Exercise description
For this exercise, repeat exactly the lines below starting at the line holding "3w1 na 8,5 m2" and ending at the line holding "Pippa's Cut Finger - Again!", both included, with no extra lines and no pictures.

Provided records
-- Opening Marker --
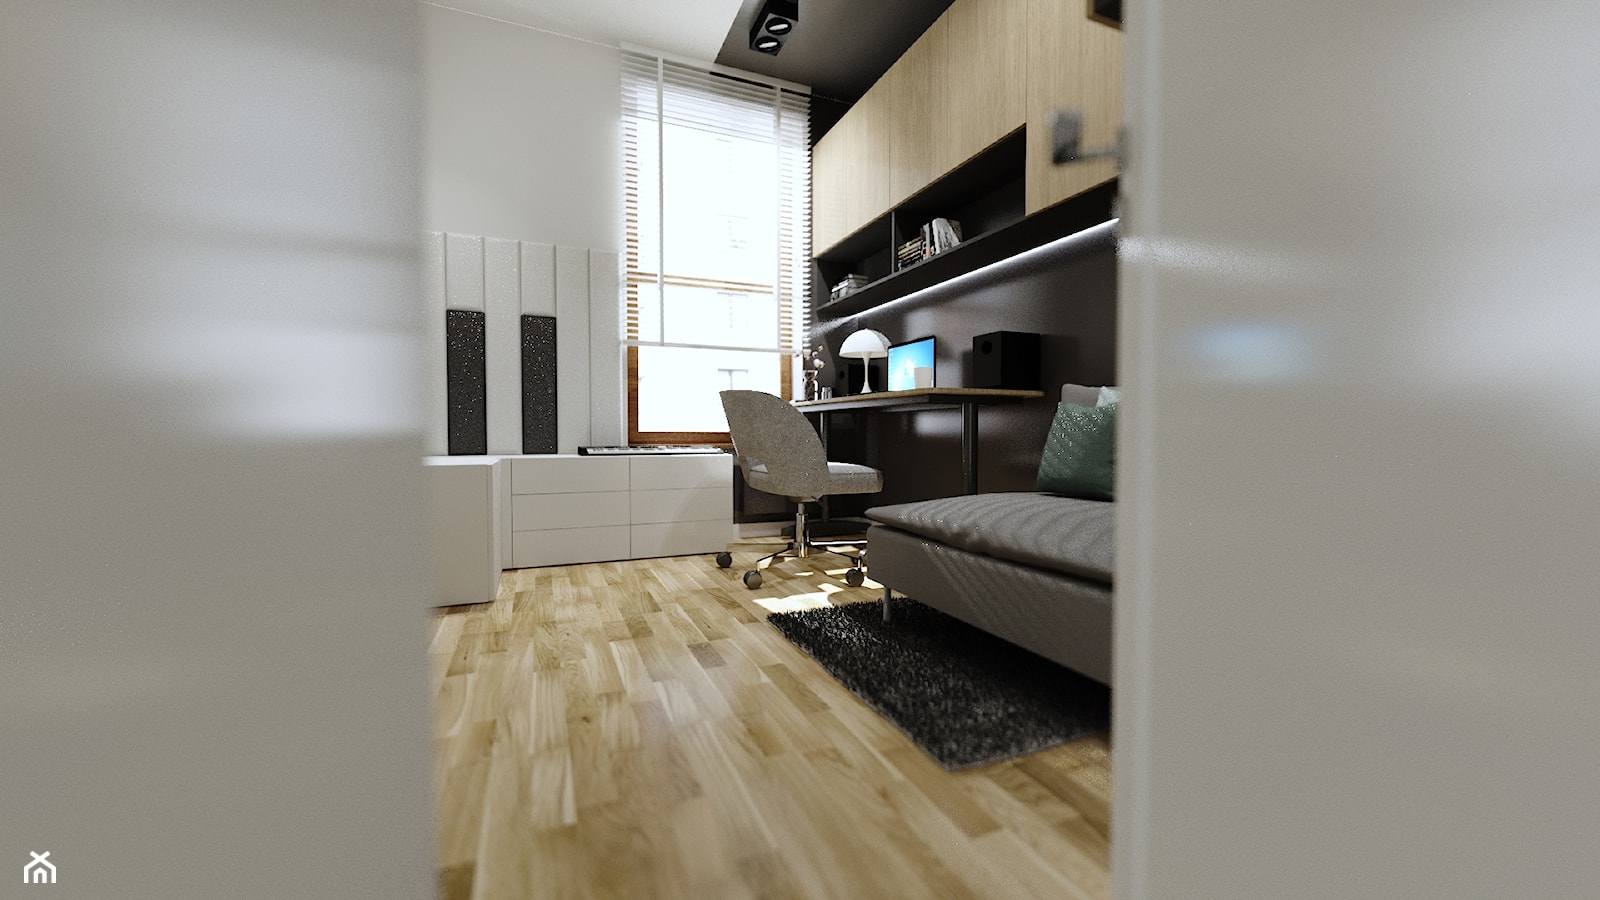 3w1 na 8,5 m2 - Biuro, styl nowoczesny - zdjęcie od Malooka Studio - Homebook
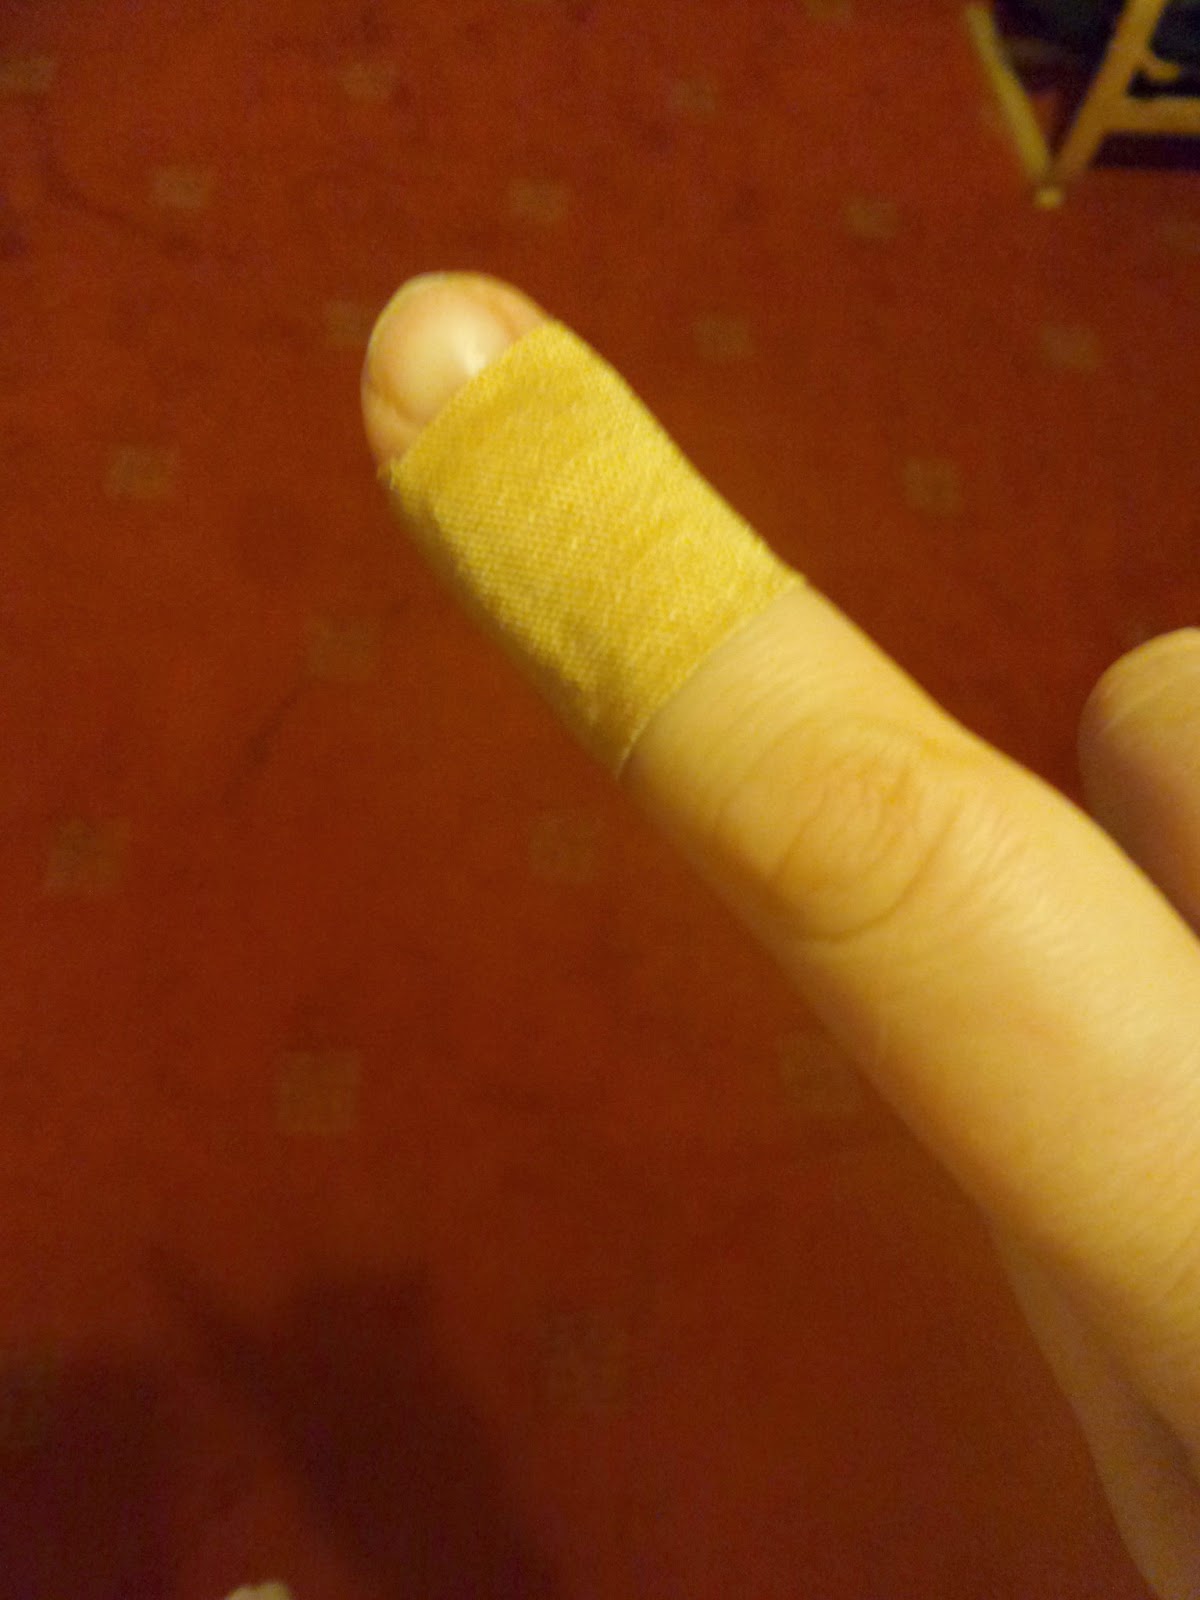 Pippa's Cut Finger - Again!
-- Closing Marker --
-- Opening Marker --
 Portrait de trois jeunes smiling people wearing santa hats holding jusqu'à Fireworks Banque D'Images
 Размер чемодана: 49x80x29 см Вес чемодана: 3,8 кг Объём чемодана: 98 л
-- Closing Marker --
Solution
 3w1 na 8,5 m2 - Biuro, styl nowoczesny - zdjęcie od Malooka Studio - Homebook
 Pippa's Cut Finger - Again!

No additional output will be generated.